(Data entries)
◇ ◇ ◇ ◇ ◇

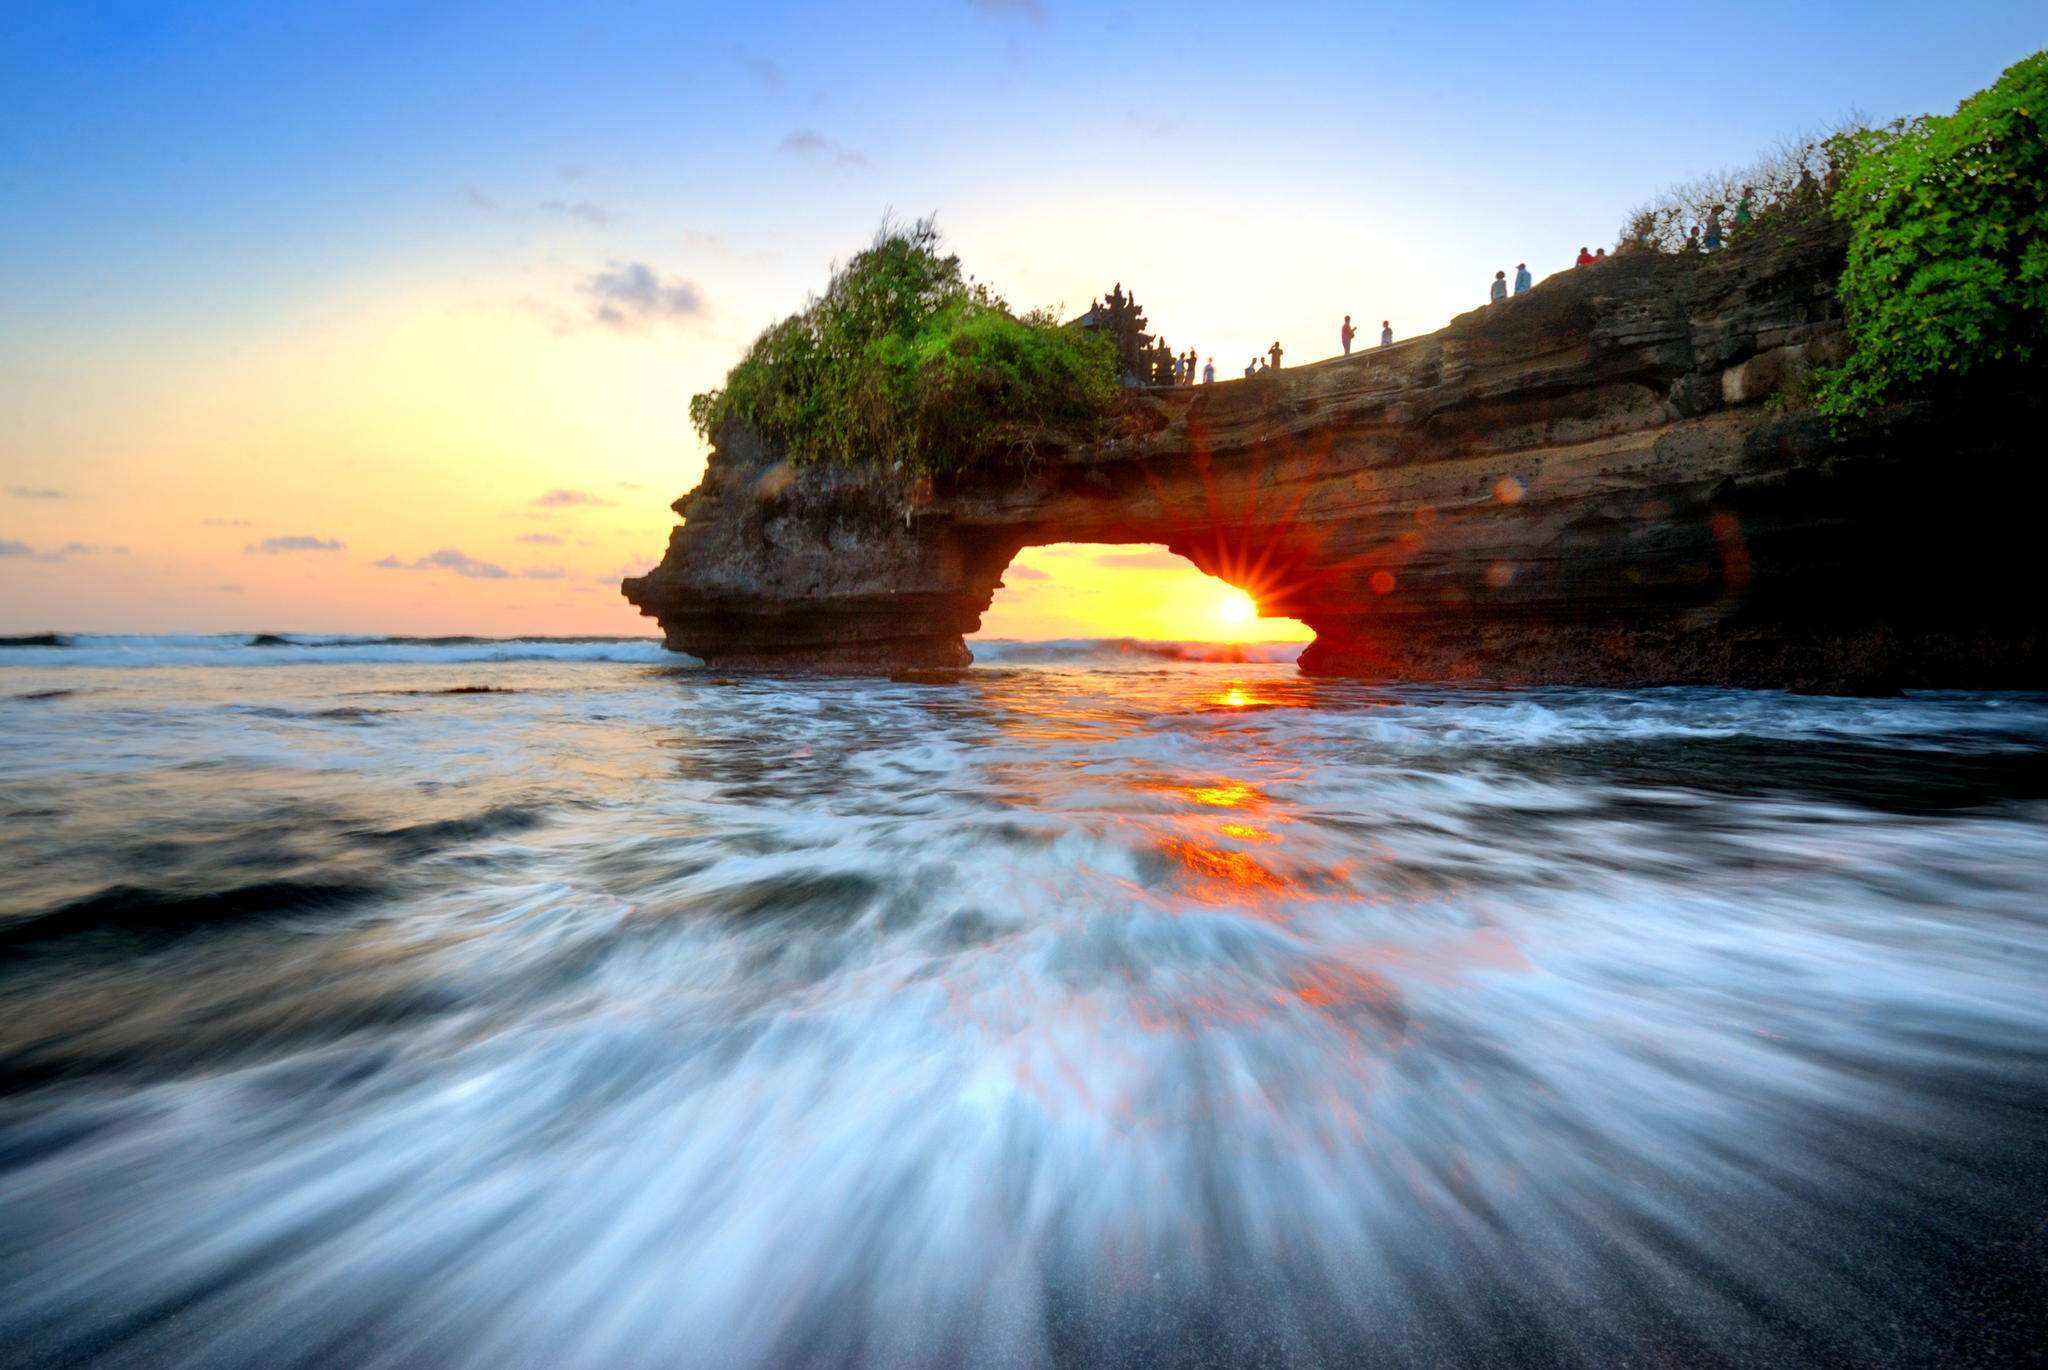 日落 巴厘岛 海滩 - Pixabay上的免费照片 - Pixabay
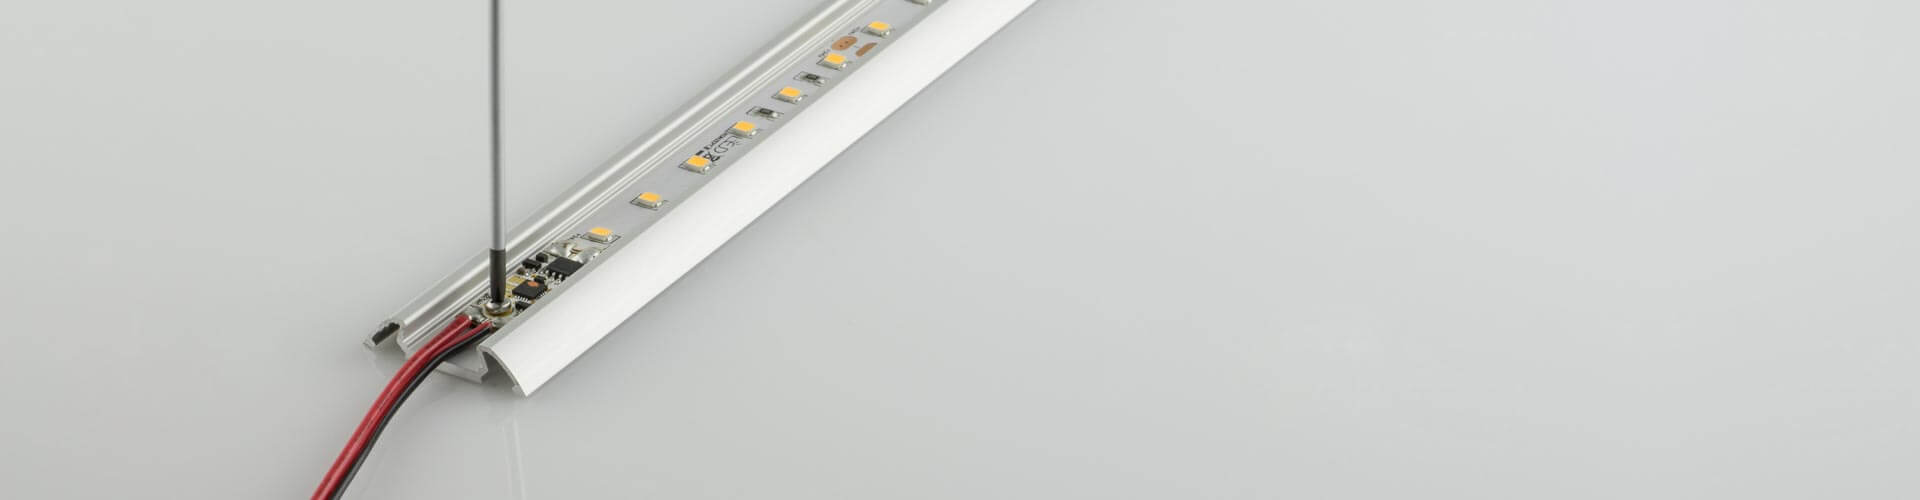 LED Streifen mit Dimmer Bild 2
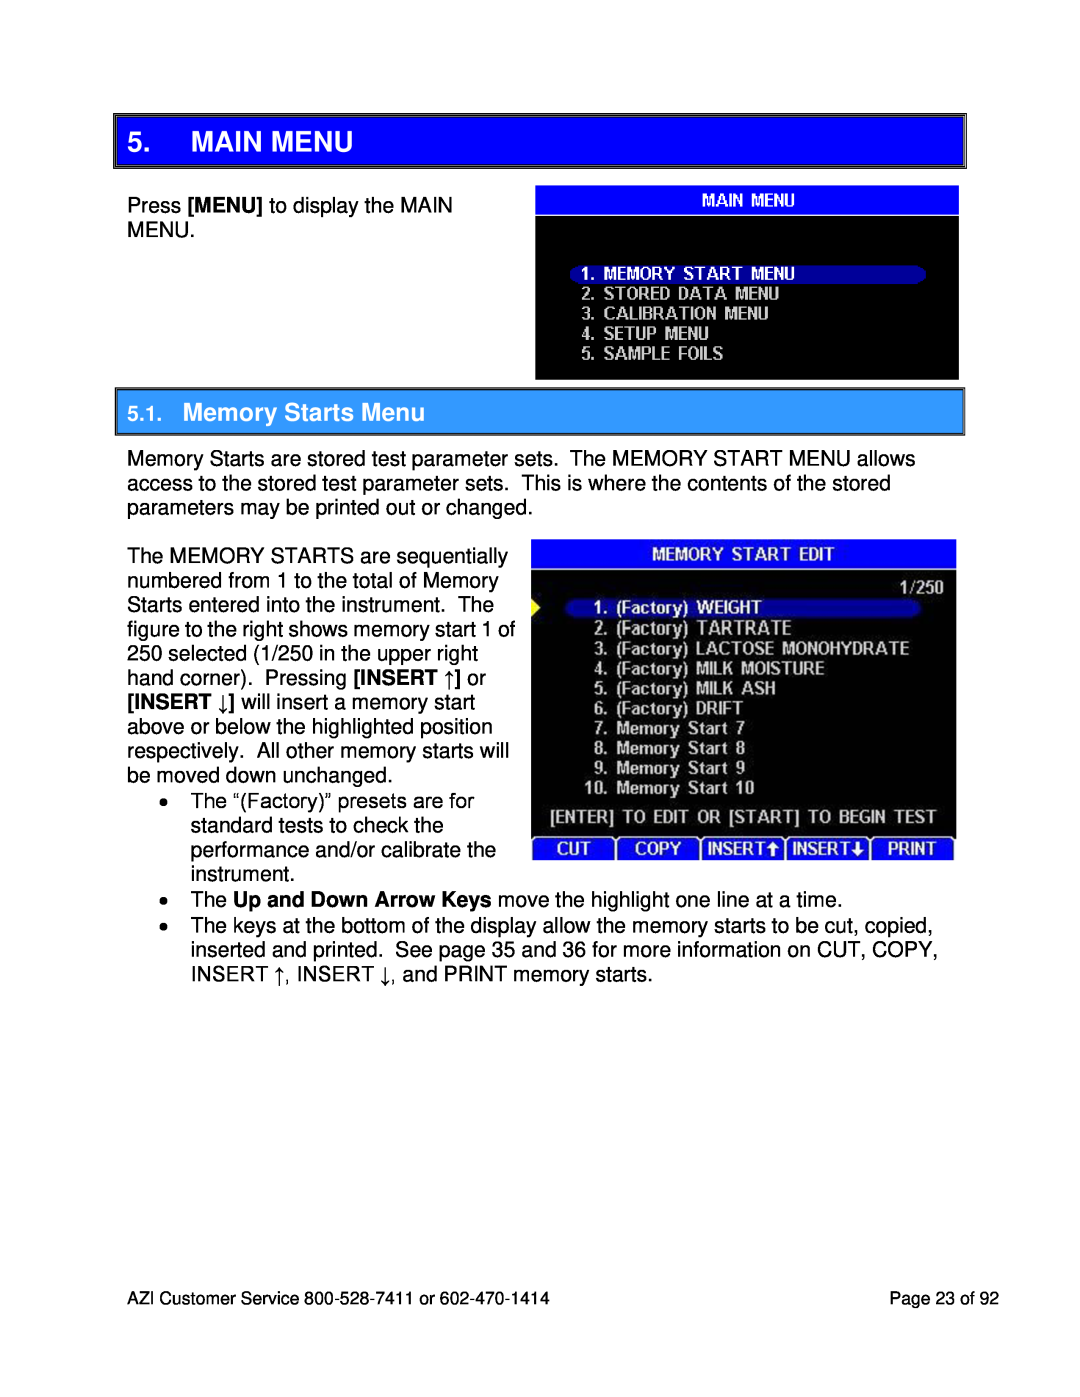 Arizona MAX-5000XL user manual Main Menu, Memory Starts Menu 
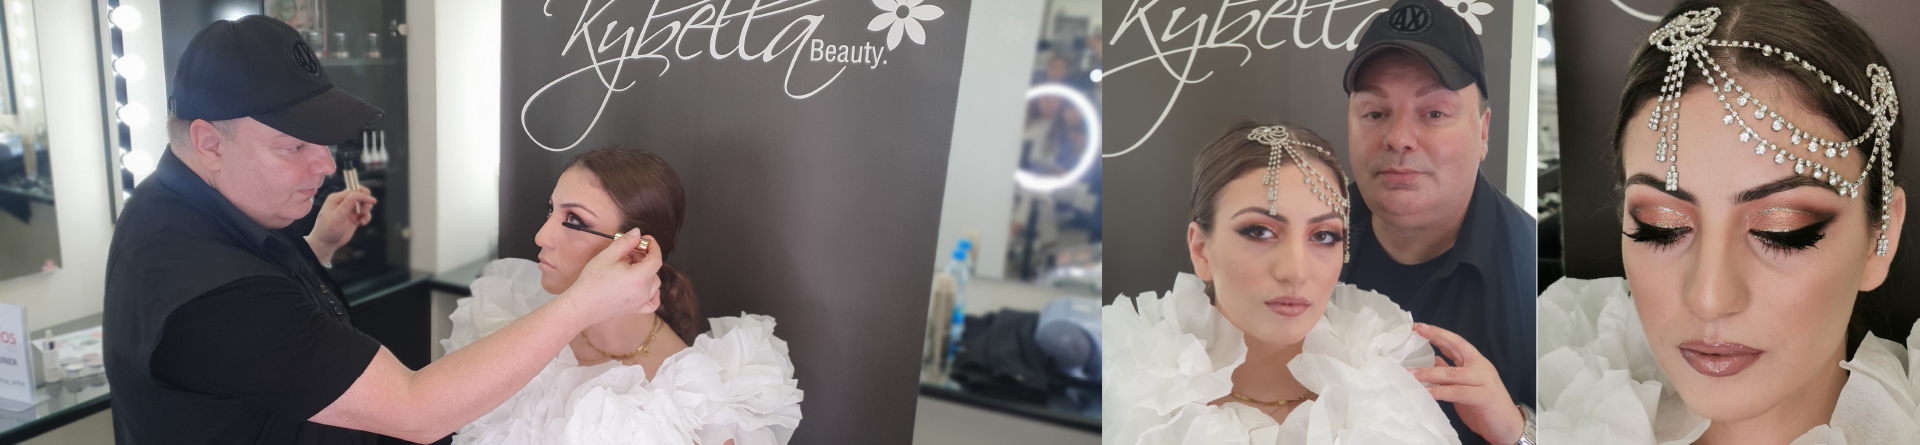 Παρουσίαση Νυμφικού Μακιγιάζ από τον Makeup Artist της εταιρείας Kybella Beauty Ltd στις φοιτήτριες των Αξιολογημένων - Πιστοποιημένων Προγραμμάτων Σπουδών Αισθητικής του KES COLLEGE
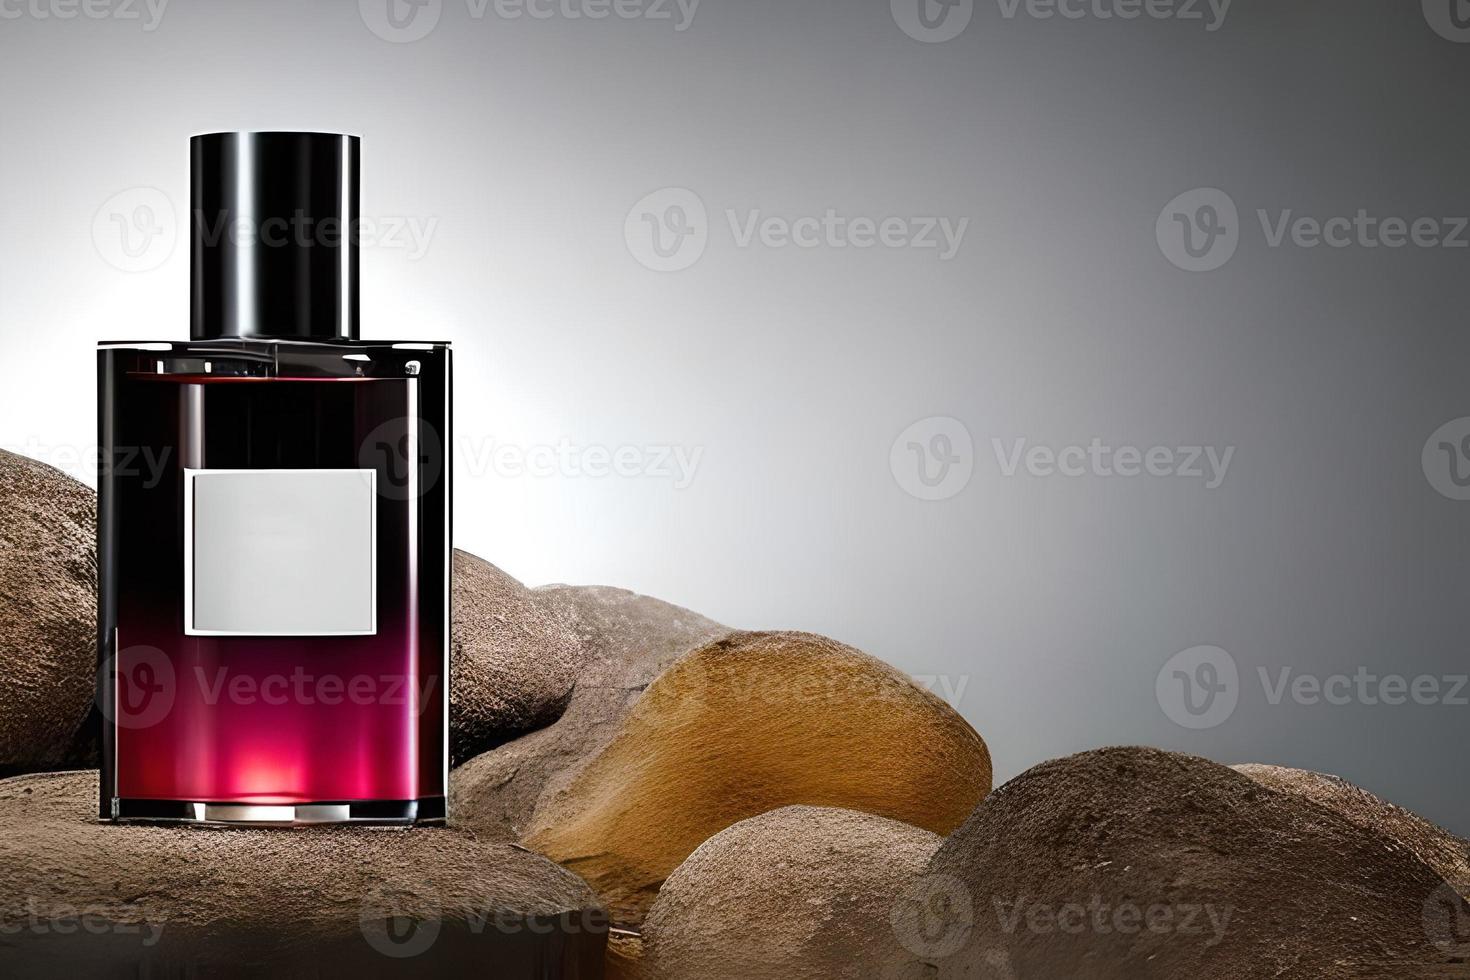 rood en zwart fles parfum mockup Product studio schot geïsoleerd. foto

◇ ◇ ◇ ◇ ◇

TASK REQUIREMENTS =>
Would you copy out every line of the data above exactly, minus the pictures?

OUTPUT OF THE EXERCISE =>
 日落 巴厘岛 海滩 - Pixabay上的免费照片 - Pixabay
 LED Streifen mit Dimmer Bild 2
 Arizona MAX-5000XL user manual Main Menu, Memory Starts Menu 
 Παρουσίαση Νυμφικού Μακιγιάζ από τον Makeup Artist της εταιρείας Kybella Beauty Ltd στις φοιτήτριες των Αξιολογημένων - Πιστοποιημένων Προγραμμάτων Σπουδών Αισθητικής του KES COLLEGE
 rood en zwart fles parfum mockup Product studio schot geïsoleerd. foto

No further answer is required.